Титус поднял на него взгляд. Огромная грубая голова Мордлюка клонилась набок. Падающий из окна свет окружал ее подобием льдистого нимба. Отчужденная, мрачная голова напомнила Титусу хаотическую луну с ее впадинами и кратерами. Территорию кожи, камней и костей.
– Так о чем же, мальчик? – еще раз спросил Мордлюк.

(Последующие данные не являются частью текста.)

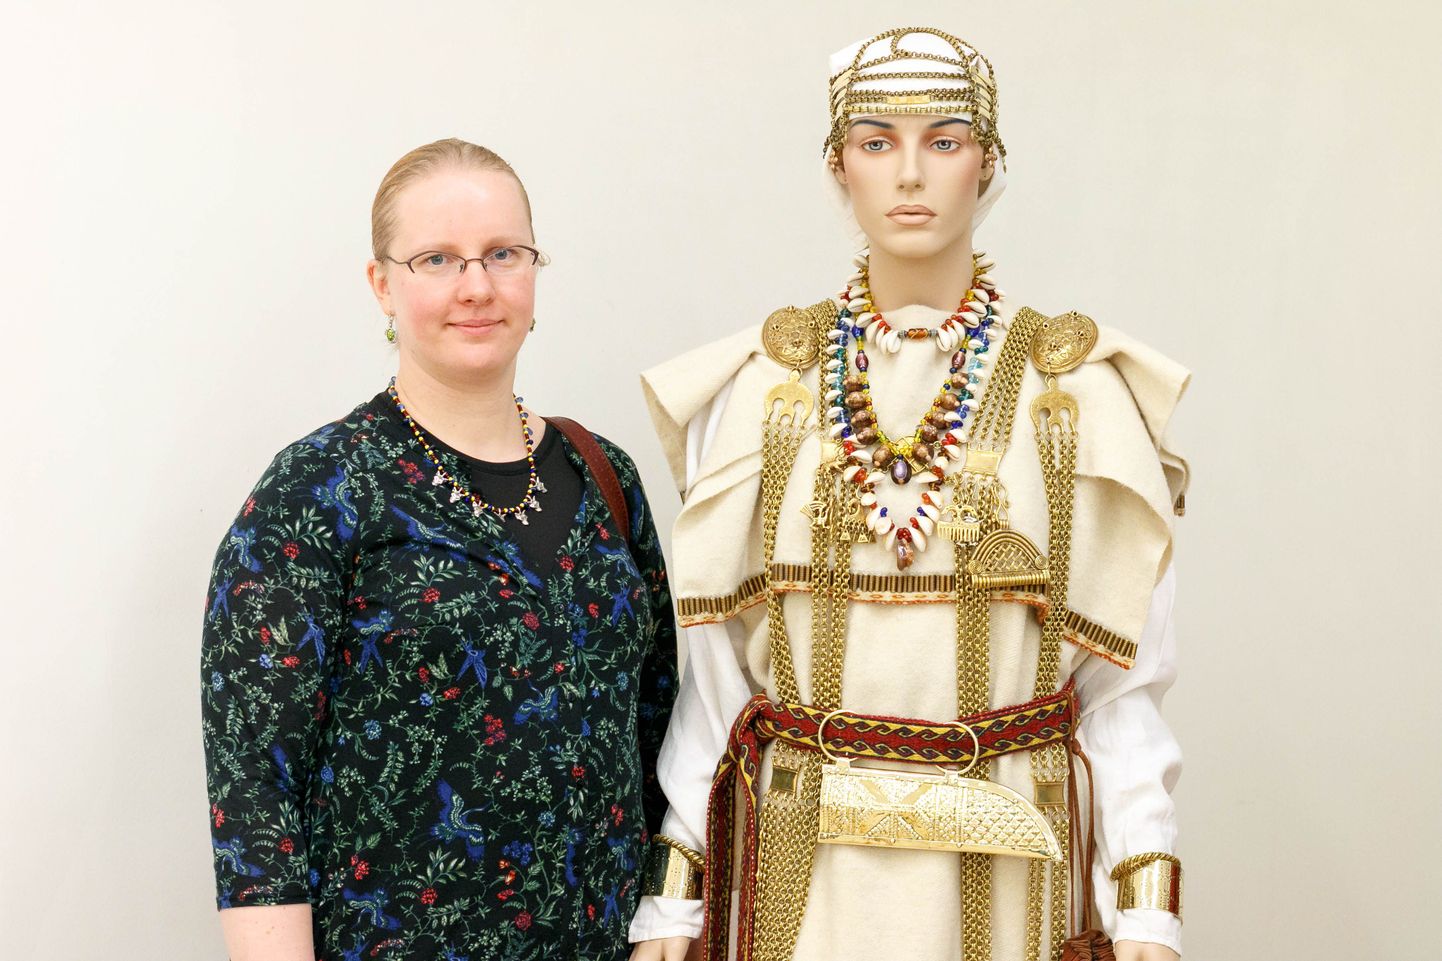 Egge Edussaar-Haraku näitus Valga muuseumis pakub külastajatele palju avastamis- ja vaatamisrõõmu. Heledate rõivastega naismodelli riideid ehib 18 meetrit ketti, mille valmistamiseks kulus kunstnikul pea pool aastat.

– Прежде всего, о моих страхах, – сказал Титус. – Поверьте, сэр, мне он не понравился.
– Кто именно?
– Шар. Он преследовал меня, пока я его не разбил. А разбиваясь, он вздохнул. К тому же я забыл там мой кремень. А без него я заблужусь… заблужусь даже сильнее, чем прежде. Потому что мне нечем будет доказать, что существуют края, из которых я пришел, что у меня есть родная земля. Кремень – единственное мое доказательство, единственное. Он ничего не докажет кому бы то ни было, одному только мне. Теперь же у меня не осталось в руках ничего. Ничего, способного убедить меня, что все это не сон. Ничего, способного доказать мою подлинность. Доказать, что мы сейчас разговариваем здесь, в вашей комнате. Доказать, что у меня есть руки, есть голос. И шар! Разумный шар! Почему он гнался за мной? Чего хотел? Он шпионил? Что это – магия или наука? Поймут ли они, кто разбил его? Попытаются ли схватить меня?
– Выпей-ка бренди, – сказал Мордлюк.
Титус кивнул.
– Вы видели такие шары, господин Мордлюк? Что это?
– Просто игрушки, мальчик, просто игрушки. Они бывают простыми, как детский погремок, а бывают и сложными, как мозг человека. Игрушки, игрушки, игрушки, чтоб было с чем поиграть. А насчет того, который ты расколотил, номер ЛКЗ00572 АРГ 39 576 Аиж843К2532, если я правильно помню, я уже читал и о нем, и о том, что его считают почти разумным. Не вполне, но почти. Так, значит, вот что с тобой приключилось? Ты разрушил нечто до омерзения полезное. Поднял святотатственную руку на дух нашего времени. Раскокал самый что ни на есть наконечник прогресса. И, совершив это реакционное преступление, явился ко мне. Ко мне! Стало быть, пора поглядеть в окно. Осторожность не повредит. Эти шарики не из воздуха взялись. Где-то, в некоей задней комнате сидит юнец, дух которого трудится в первобытной тьме поврежденного, но обладающего мощностью в шестьдесят лошадиных сил мозга.
– Есть и еще кое-что, господин Мордлюк.
– Не сомневаюсь. На самом-то деле есть еще всё.
– Ваша манера говорить унижает меня, – сказал, вдруг рассердившись, Титус. – Для меня все это серьезно.
– Все серьезно или несерьезно, в зависимости от окраски наших мыслей.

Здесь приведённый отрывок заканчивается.